# Data provided:

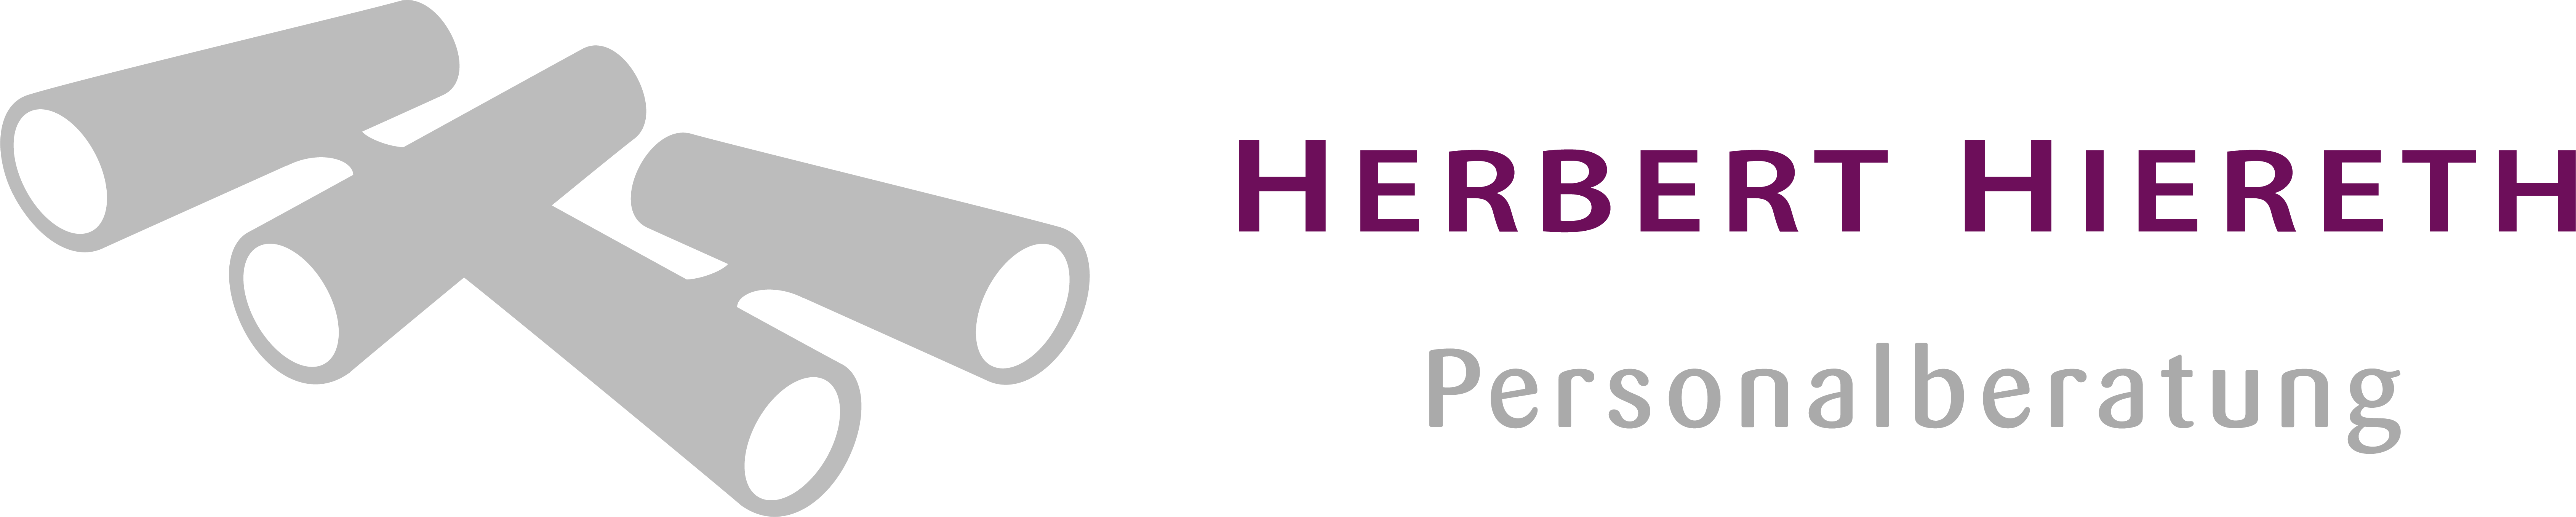 Herbert Hiereth Logo
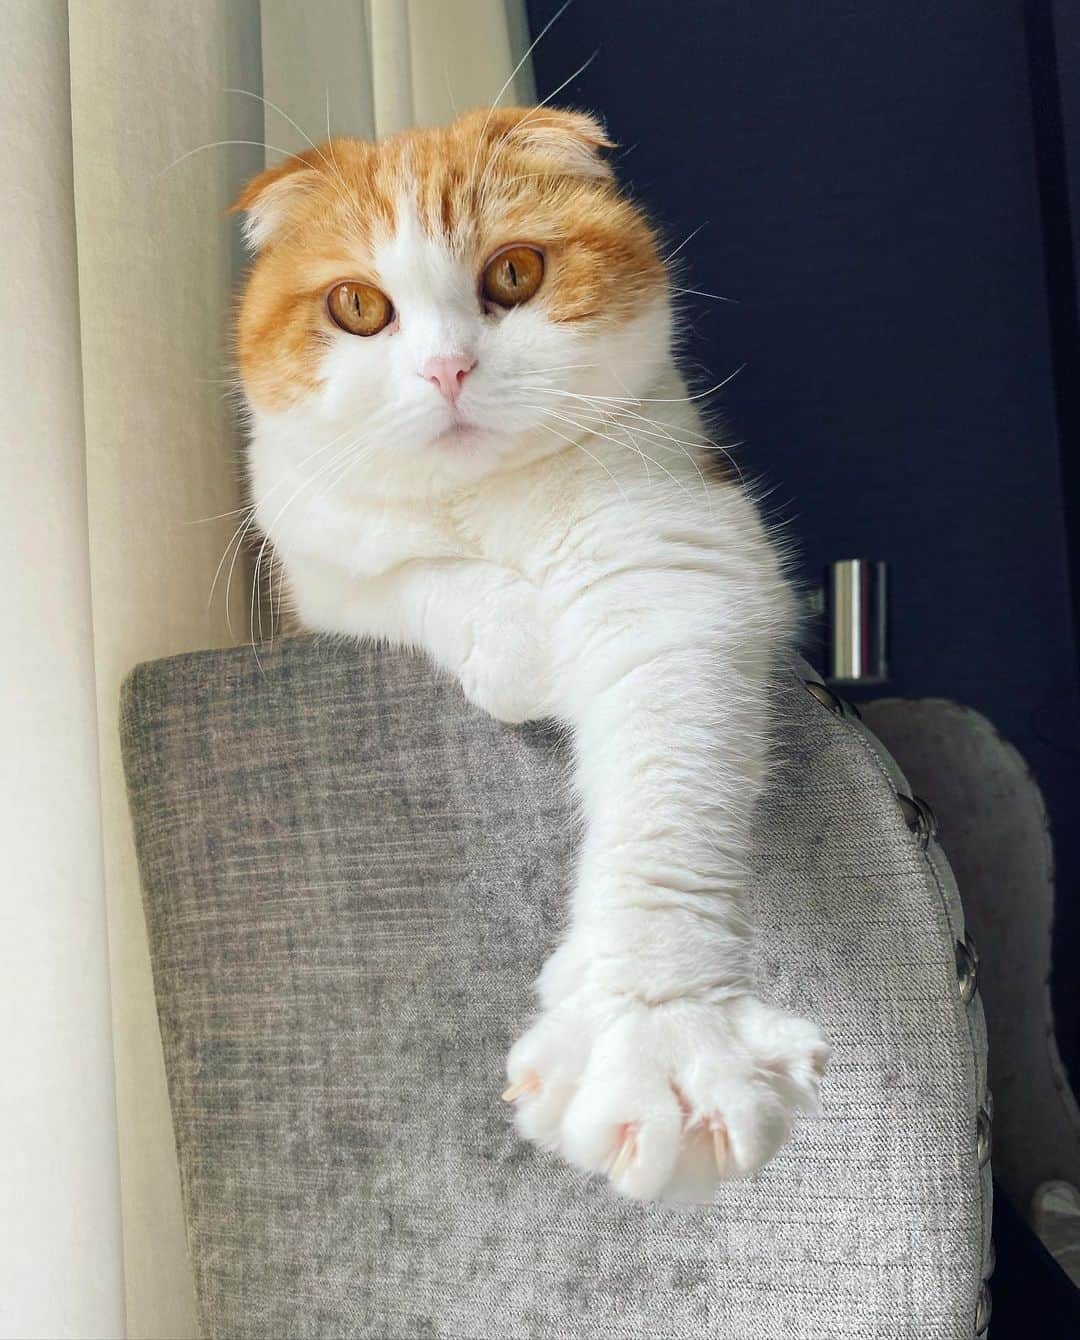 Nana _The Scottish Foldのインスタグラム：「summer manicure plz human! 여름스탈 매니큐어 부탁한다옹🦁 . . . #고양이 #猫 #ねこ #スコ #cat #cats #catstagram #catsofinstagram #instagramcats #instacat #bestmeow #catoftheday #catsofworld #catsloversworld #catsofday #냥스타그램 #또앙 #귀여워 #냥이 #caturday #gatos #cats_of_instagram #ilovemycat #catselfie #kittensofinstagram #kittens #catsdaily #kucing #london」
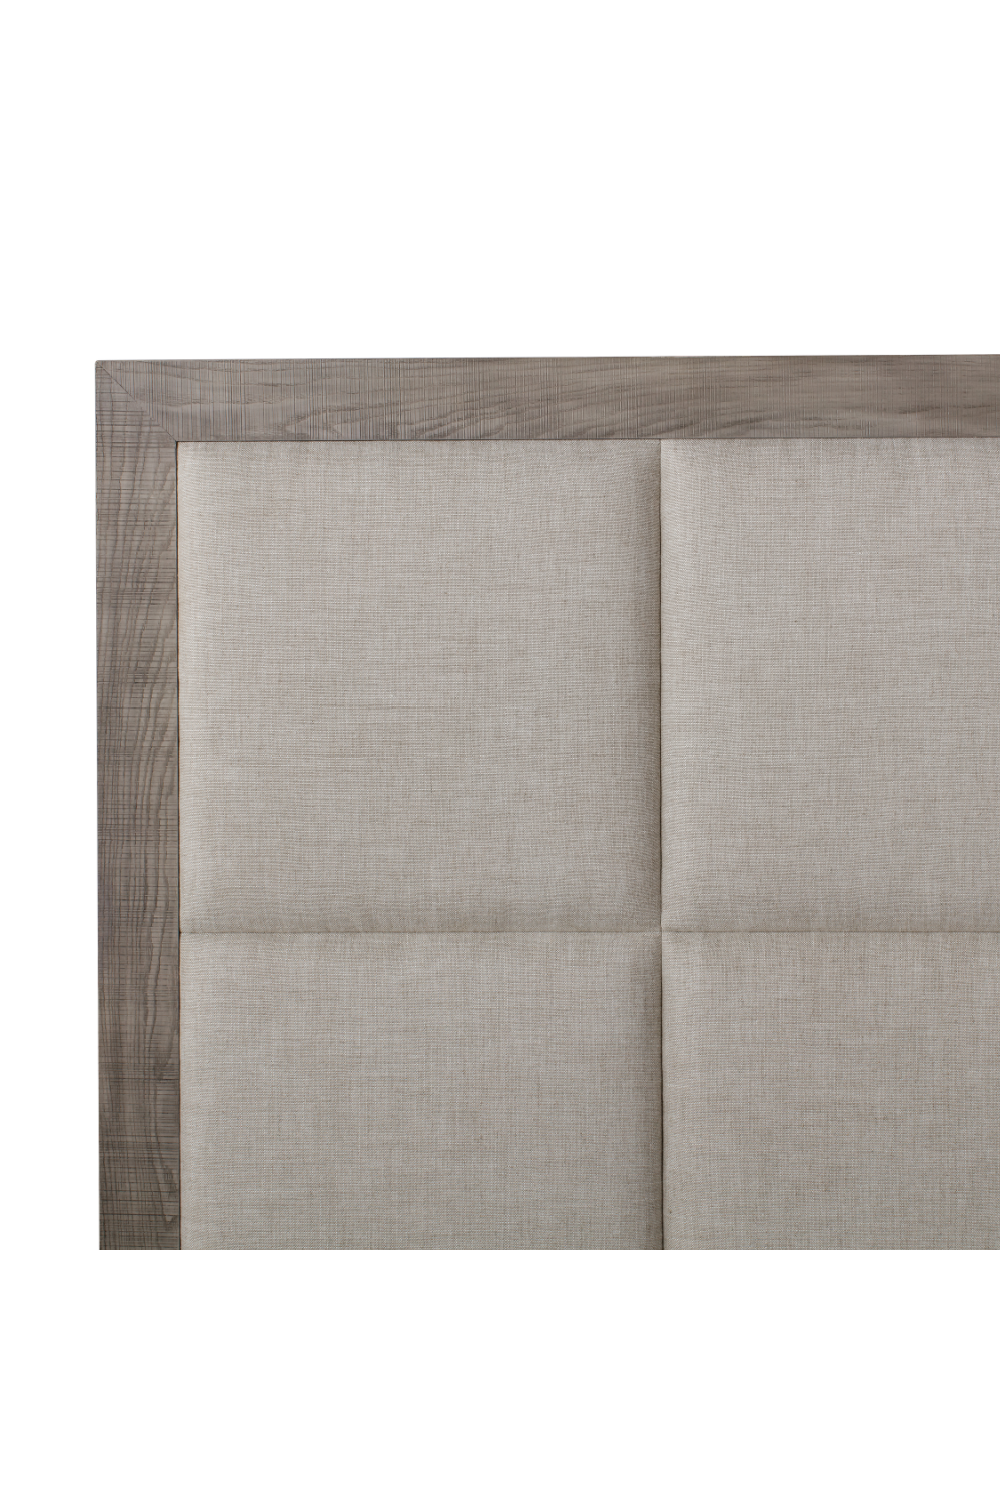 Gray Textured Linen King Bed | Andrew Martin Raffles | OROA

# Task instructions:
The result should be every line of the data, reproduced exactly, with the images removed.

# Completed task:
 Herbert Hiereth Logo
 Nana _The Scottish Foldのインスタグラム：「summer manicure plz human! 여름스탈 매니큐어 부탁한다옹🦁 . . . #고양이 #猫 #ねこ #スコ #cat #cats #catstagram #catsofinstagram #instagramcats #instacat #bestmeow #catoftheday #catsofworld #catsloversworld #catsofday #냥스타그램 #또앙 #귀여워 #냥이 #caturday #gatos #cats_of_instagram #ilovemycat #catselfie #kittensofinstagram #kittens #catsdaily #kucing #london」
 Gray Textured Linen King Bed | Andrew Martin Raffles | OROA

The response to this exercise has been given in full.